# It Turned Up



## BondandBigM (Apr 4, 2007)

I took a complete flyer on this and basically bought it unseen and arranged for delivery today, something I would never normally do. Luckily it has turned out to be not to bad considering its nearly 25 years old. It started on the button and I got all the way to the petrol station...........................................and back again :lol: :lol:










Only minor problem is that the suspension is coil overs and rock hard, I thought Big M's teeth were going to fall out even though they are screwed in 

It will go lower though !!!


----------



## tixntox (Jul 17, 2009)

My son had a Renault Clio Sport with similar suspension - great for a dash round town (but by the time we'd got to the ring road I'd had enough!) :yes:

Mike


----------



## BondandBigM (Apr 4, 2007)

tixntox said:


> My son had a Renault Clio Sport with similar suspension - great for a dash round town (but by the time we'd got to the ring road I'd had enough!) :yes:
> 
> Mike


Big M is not a good traveler at the best of times, I thought she was going to chuck up in the glove box :lol: :lol:


----------



## minkle (Mar 17, 2008)

Nice one Bond.. i have had a good look at the thread on T-Z.

Loved the mk2 van i had.


----------



## Philib (Jun 6, 2012)

Looks mint on the outside. Nice car.


----------



## BondandBigM (Apr 4, 2007)

Well nearly a week in and its still going, nothing has fell off or broke and has started on the button even in the horrendous weather we've had this past week. It has at some point had a bit off work to the motor, not sure what but almost certainly a cam its to quick to be standard.

So far so good, it apears I've had a bit of of much needed luck on my side for a change.


----------



## Philib (Jun 6, 2012)

Hmmm wonders, "where you live and if you would take a complete stranger that you met in a forum for spin". I wonder


----------



## BondandBigM (Apr 4, 2007)

Philib said:


> Hmmm wonders, "where you live and if you would take a complete stranger that you met in a forum for spin". I wonder


No problem but you'll need some valium by the time I'm finished with you, the last person, my milkman, who asked me to take him for a run out in a big Trans Am that I had ended up a shaking wreck. Unfortunately during our spin out I got a bit carried away, lost it on a bend and crashed it into a couple of trees via a big bush  :lol: :lol:


----------



## Philib (Jun 6, 2012)

lol I done that with my last car. Easily done with rear wheel drive.


----------



## Raptor (May 1, 2010)

If it was me I would scrap the bit of roll cage in the back, it

spoils the look but other than that it looks a little cracker.

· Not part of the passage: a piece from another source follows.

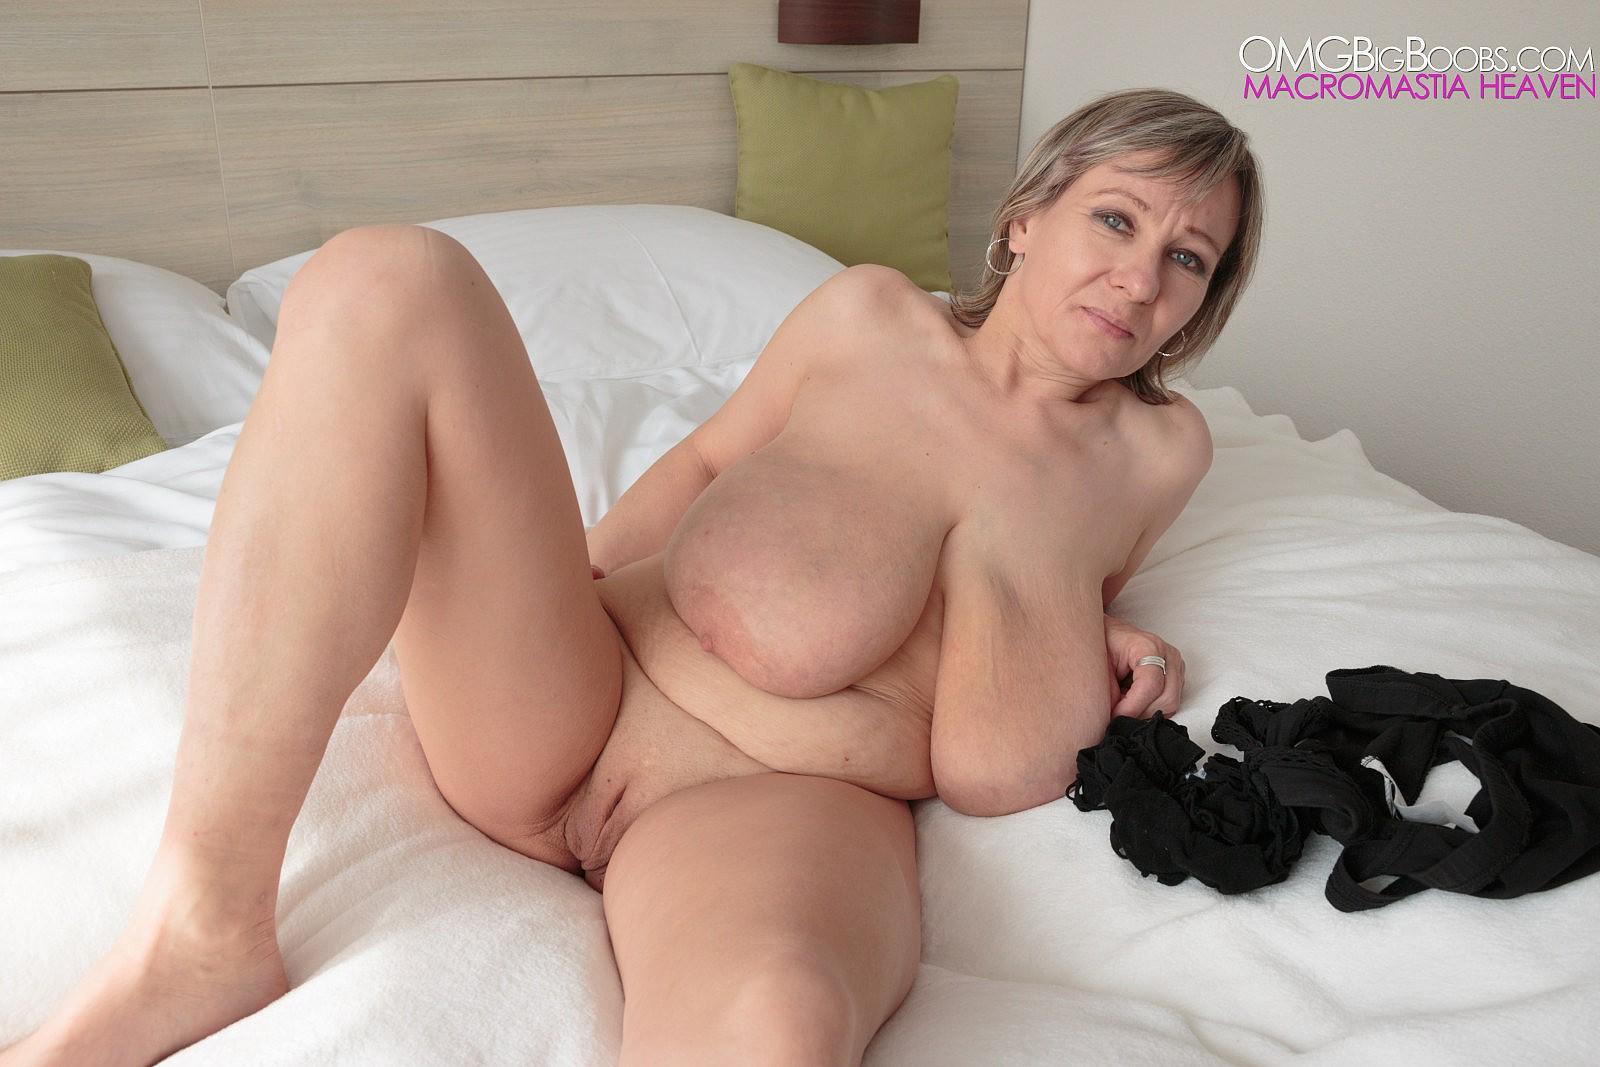 naked boobs tumblr

Always fancied a Peugeot 205 1.9 Gti when I had a ride

in one back in the early 90's, proper little tin rocket. I did

see a mk1 Renault Clio Williams laid up in a barn several

months ago and nearly wet myself but the owner wasn't

for selling it


----------



## BondandBigM (Apr 4, 2007)

Raptor said:


> If it was me I would scrap the bit of roll cage in the back, it
> 
> spoils the look


I agree but getting it out might be easier said than done, looks like the front seats will need to come out. Its only for show and does split so when I get some spare time, which is rare these days, I'm going to take it out.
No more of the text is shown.